Hi all, I created a static class for doing this. + column check + quota sign removal

public static class CSV
{
    public static List<string[]> Import(string file, char csvDelimiter, bool ignoreHeadline, bool removeQuoteSign)
    {
        return ReadCSVFile(file, csvDelimiter, ignoreHeadline, removeQuoteSign);
    }

    private static List<string[]> ReadCSVFile(string filename, char csvDelimiter, bool ignoreHeadline, bool removeQuoteSign)
    {
        string[] result = new string[0];
        List<string[]> lst = new List<string[]>();

        string line;
        int currentLineNumner = 0;
        int columnCount = 0;

        // Read the file and display it line by line.  
        using (System.IO.StreamReader file = new System.IO.StreamReader(filename))
        {
            while ((line = file.ReadLine()) != null)
            {
                currentLineNumner++;
                string[] strAr = line.Split(csvDelimiter);
                // save column count of dirst line
                if (currentLineNumner == 1)
                {
                    columnCount = strAr.Count();
                }
                else
                {
                    //Check column count of every other lines
                    if (strAr.Count() != columnCount)
                    {
                        throw new Exception(string.Format("CSV Import Exception: Wrong column count in line {0}", currentLineNumner));
                    }
                }

                if (removeQuoteSign) strAr = RemoveQouteSign(strAr);

                if (ignoreHeadline)
                {
                    if(currentLineNumner !=1) lst.Add(strAr);
                }
                else
                {
                    lst.Add(strAr);
                }
            }

        }

        return lst;
    }
    private static string[] RemoveQouteSign(string[] ar)
    {
        for (int i = 0;i< ar.Count() ; i++)
        {
            if (ar[i].StartsWith("\"") || ar[i].StartsWith("'")) ar[i] = ar[i].Substring(1);
            if (ar[i].EndsWith("\"") || ar[i].EndsWith("'")) ar[i] = ar[i].Substring(0,ar[i].Length-1);

        }
        return ar;
    }

}
4
votes
var firstColumn = new List<string>();
var lastColumn = new List<string>();

// your code for reading CSV file

foreach(var line in file)
{
    var array = line.Split(';');
    firstColumn.Add(array[0]);
    lastColumn.Add(array[1]);
}

var firstArray = firstColumn.ToArray();
var lastArray = lastColumn.ToArray();
4
votes

I have spend few hours searching for a right library, but finally I wrote my own code :) You can read file (or database) with whatever tools you want and then apply the following routine to each line:

private static string[] SmartSplit(string line, char separator = ',')
{
    var inQuotes = false;
    var token = "";
    var lines = new List<string>();
    for (var i = 0; i < line.Length; i++) {
        var ch = line[i];
        if (inQuotes) // process string in quotes, 
        {
            if (ch == '"') {
                if (i<line.Length-1 && line[i + 1] == '"') {
                    i++;
                    token += '"';
                }
                else inQuotes = false;
            } else token += ch;
        } else {
            if (ch == '"') inQuotes = true;
            else if (ch == separator) {
                lines.Add(token);
                token = "";
                } else token += ch;
            }
    }
    lines.Add(token);
    return lines.ToArray();
}
3
votes

Here's a special case where one of data field has semicolon (";") as part of it's data in that case most of answers above will fail.

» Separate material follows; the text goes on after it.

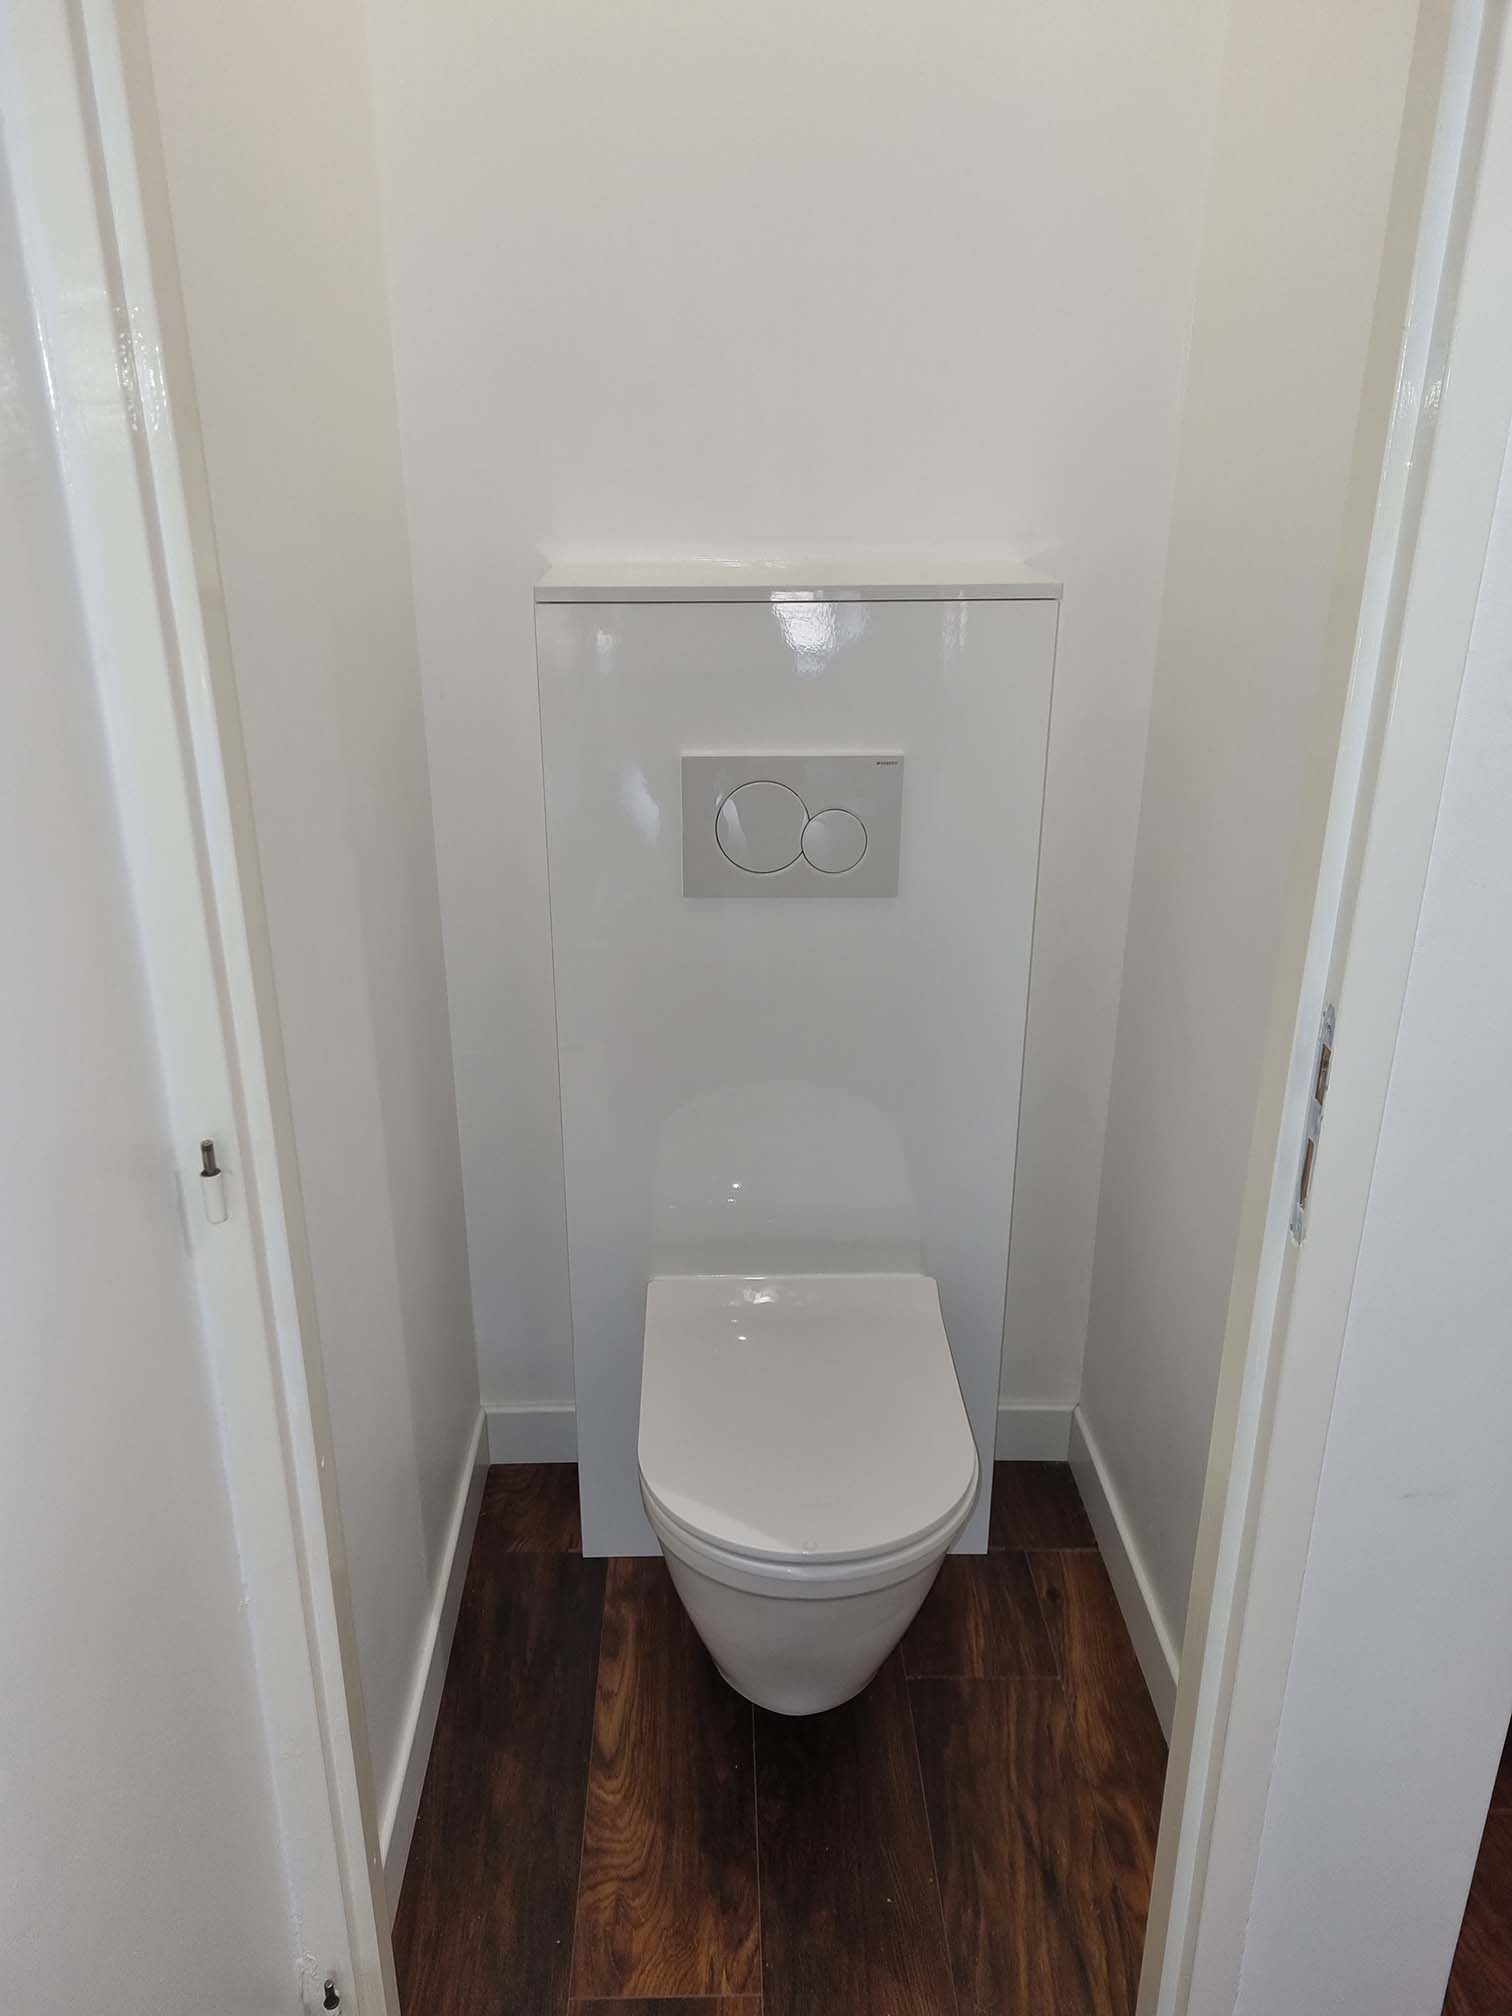 Toilettes posées au mur

Solution it that case will be

string[] csvRows = System.IO.File.ReadAllLines(FullyQaulifiedFileName);
string[] fields = null;
List<string> lstFields;
string field;
bool quoteStarted = false;
foreach (string csvRow in csvRows)
{
    lstFields = new List<string>();
    field = "";
    for (int i = 0; i < csvRow.Length; i++)
    {
        string tmp = csvRow.ElementAt(i).ToString();
        if(String.Compare(tmp,"\"")==0)
        {
            quoteStarted = !quoteStarted;
        }
        if (String.Compare(tmp, ";") == 0 && !quoteStarted)
        {
            lstFields.Add(field);
            field = "";
        }
        else if (String.Compare(tmp, "\"") != 0)
        {
            field += tmp;
        }
    }
    if(!string.IsNullOrEmpty(field))
    {
        lstFields.Add(field);
        field = "";
    }
// This will hold values for each column for current row under processing
    fields = lstFields.ToArray(); 
}
2
votes

The open-source Angara.Table library allows to load CSV into typed columns, so you can get the arrays from the columns. Each column can be indexed both by name or index. See http://predictionmachines.github.io/Angara.Table/saveload.html.

The library follows RFC4180 for CSV; it enables type inference and multiline strings.

Example:

using System.Collections.Immutable;
using Angara.Data;
using Angara.Data.DelimitedFile;

...

ReadSettings settings = new ReadSettings(Delimiter.Semicolon, false, true, null, null);
Table table = Table.Load("data.csv", settings);
ImmutableArray<double> a = table["double-column-name"].Rows.AsReal;

for(int i = 0; i < a.Length; i++)
{
    Console.WriteLine("{0}: {1}", i, a[i]);
}

You can see a column type using the type Column, e.g.

Column c = table["double-column-name"];
Console.WriteLine("Column {0} is double: {1}", c.Name, c.Rows.IsRealColumn);

Since the library is focused on F#, you might need to add a reference to the FSharp.Core 4.4 assembly; click 'Add Reference' on the project and choose FSharp.Core 4.4 under "Assemblies" -> "Extensions".

1
votes

I have been using csvreader.com(paid component) for years, and I have never had a problem. It is solid, small and fast, but you do have to pay for it. You can set the delimiter to whatever you like.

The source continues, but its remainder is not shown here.